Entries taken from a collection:
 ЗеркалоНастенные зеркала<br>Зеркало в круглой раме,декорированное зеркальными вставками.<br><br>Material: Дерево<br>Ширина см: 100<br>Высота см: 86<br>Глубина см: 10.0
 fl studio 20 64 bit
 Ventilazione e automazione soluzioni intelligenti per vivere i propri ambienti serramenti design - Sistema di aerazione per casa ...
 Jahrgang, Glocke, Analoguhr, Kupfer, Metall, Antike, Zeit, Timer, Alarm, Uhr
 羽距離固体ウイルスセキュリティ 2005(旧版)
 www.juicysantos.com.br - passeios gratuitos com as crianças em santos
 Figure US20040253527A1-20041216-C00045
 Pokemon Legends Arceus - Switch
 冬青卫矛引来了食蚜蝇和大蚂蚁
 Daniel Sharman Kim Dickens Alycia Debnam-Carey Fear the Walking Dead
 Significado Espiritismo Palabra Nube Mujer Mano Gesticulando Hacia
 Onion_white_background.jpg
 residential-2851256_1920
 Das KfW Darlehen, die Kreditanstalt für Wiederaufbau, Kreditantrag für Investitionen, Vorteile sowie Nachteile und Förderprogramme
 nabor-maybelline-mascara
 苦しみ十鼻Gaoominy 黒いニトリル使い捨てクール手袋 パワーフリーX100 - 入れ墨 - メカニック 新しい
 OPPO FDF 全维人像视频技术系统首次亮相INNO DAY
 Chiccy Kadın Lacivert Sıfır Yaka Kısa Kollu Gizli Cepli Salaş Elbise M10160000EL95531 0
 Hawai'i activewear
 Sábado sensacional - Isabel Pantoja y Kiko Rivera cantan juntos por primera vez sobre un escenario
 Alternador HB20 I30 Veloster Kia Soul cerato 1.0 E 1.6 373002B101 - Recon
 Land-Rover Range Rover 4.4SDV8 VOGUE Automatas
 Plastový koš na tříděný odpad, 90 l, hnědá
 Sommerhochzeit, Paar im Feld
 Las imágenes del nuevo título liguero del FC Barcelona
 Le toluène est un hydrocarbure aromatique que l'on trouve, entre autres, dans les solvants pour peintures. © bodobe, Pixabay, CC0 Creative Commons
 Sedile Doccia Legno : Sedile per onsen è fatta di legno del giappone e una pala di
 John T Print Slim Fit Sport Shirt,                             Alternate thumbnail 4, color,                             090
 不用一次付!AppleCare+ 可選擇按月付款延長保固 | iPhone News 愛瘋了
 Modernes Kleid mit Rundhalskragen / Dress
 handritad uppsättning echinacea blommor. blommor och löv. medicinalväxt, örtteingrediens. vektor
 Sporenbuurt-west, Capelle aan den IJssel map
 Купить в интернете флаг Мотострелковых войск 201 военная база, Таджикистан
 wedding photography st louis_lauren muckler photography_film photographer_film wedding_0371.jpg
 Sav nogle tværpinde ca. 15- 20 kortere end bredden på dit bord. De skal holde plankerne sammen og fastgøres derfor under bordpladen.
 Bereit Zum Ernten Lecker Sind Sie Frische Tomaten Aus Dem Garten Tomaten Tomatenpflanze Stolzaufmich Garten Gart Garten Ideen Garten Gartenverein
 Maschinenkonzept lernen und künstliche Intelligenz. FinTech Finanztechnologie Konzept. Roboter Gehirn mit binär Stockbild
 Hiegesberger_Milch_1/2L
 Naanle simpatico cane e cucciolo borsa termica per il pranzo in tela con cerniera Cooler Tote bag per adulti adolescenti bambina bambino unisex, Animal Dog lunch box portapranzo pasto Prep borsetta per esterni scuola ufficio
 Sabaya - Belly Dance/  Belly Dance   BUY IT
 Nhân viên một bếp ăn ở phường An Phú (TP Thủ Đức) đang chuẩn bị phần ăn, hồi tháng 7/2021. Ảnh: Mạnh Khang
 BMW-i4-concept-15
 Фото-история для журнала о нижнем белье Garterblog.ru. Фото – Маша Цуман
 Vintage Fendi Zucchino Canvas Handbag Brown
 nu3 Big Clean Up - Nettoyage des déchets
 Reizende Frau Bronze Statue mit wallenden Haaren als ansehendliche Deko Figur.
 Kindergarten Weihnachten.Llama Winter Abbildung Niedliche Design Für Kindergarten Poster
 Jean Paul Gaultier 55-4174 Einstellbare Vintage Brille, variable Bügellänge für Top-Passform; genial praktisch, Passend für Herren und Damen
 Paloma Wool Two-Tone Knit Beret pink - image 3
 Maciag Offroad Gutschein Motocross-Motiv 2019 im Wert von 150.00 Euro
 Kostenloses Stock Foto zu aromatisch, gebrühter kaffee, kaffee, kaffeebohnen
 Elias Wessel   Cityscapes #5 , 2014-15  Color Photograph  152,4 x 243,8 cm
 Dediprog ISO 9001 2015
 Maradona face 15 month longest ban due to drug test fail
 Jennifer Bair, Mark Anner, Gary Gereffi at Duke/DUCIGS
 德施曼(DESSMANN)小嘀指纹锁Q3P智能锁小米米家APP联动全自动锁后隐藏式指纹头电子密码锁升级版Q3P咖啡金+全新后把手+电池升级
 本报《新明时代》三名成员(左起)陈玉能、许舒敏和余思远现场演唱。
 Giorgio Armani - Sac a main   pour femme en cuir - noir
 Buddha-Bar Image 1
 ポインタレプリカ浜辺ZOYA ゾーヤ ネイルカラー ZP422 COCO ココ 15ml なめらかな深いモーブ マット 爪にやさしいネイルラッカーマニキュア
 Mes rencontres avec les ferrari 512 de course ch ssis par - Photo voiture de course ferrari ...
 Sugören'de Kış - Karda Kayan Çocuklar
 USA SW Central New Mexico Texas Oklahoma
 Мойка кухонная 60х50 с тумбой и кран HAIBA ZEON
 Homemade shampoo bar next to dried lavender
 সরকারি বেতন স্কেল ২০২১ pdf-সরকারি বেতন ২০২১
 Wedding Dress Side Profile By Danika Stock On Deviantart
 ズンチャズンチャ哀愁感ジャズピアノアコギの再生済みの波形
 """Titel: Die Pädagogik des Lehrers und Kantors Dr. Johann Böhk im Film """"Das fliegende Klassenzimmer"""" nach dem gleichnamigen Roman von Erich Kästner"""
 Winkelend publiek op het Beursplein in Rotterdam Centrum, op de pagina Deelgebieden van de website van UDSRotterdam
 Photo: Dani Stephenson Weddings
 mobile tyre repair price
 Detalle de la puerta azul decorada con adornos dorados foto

-- PROBLEM DESCRIPTION --
Copy out only the lines of the records above from the one with "Significado Espiritismo Palabra" through the one with "Hawai'i activewear", exactly as they stand, both included.

-- ANSWER SPACE --
 Significado Espiritismo Palabra Nube Mujer Mano Gesticulando Hacia
 Onion_white_background.jpg
 residential-2851256_1920
 Das KfW Darlehen, die Kreditanstalt für Wiederaufbau, Kreditantrag für Investitionen, Vorteile sowie Nachteile und Förderprogramme
 nabor-maybelline-mascara
 苦しみ十鼻Gaoominy 黒いニトリル使い捨てクール手袋 パワーフリーX100 - 入れ墨 - メカニック 新しい
 OPPO FDF 全维人像视频技术系统首次亮相INNO DAY
 Chiccy Kadın Lacivert Sıfır Yaka Kısa Kollu Gizli Cepli Salaş Elbise M10160000EL95531 0
 Hawai'i activewear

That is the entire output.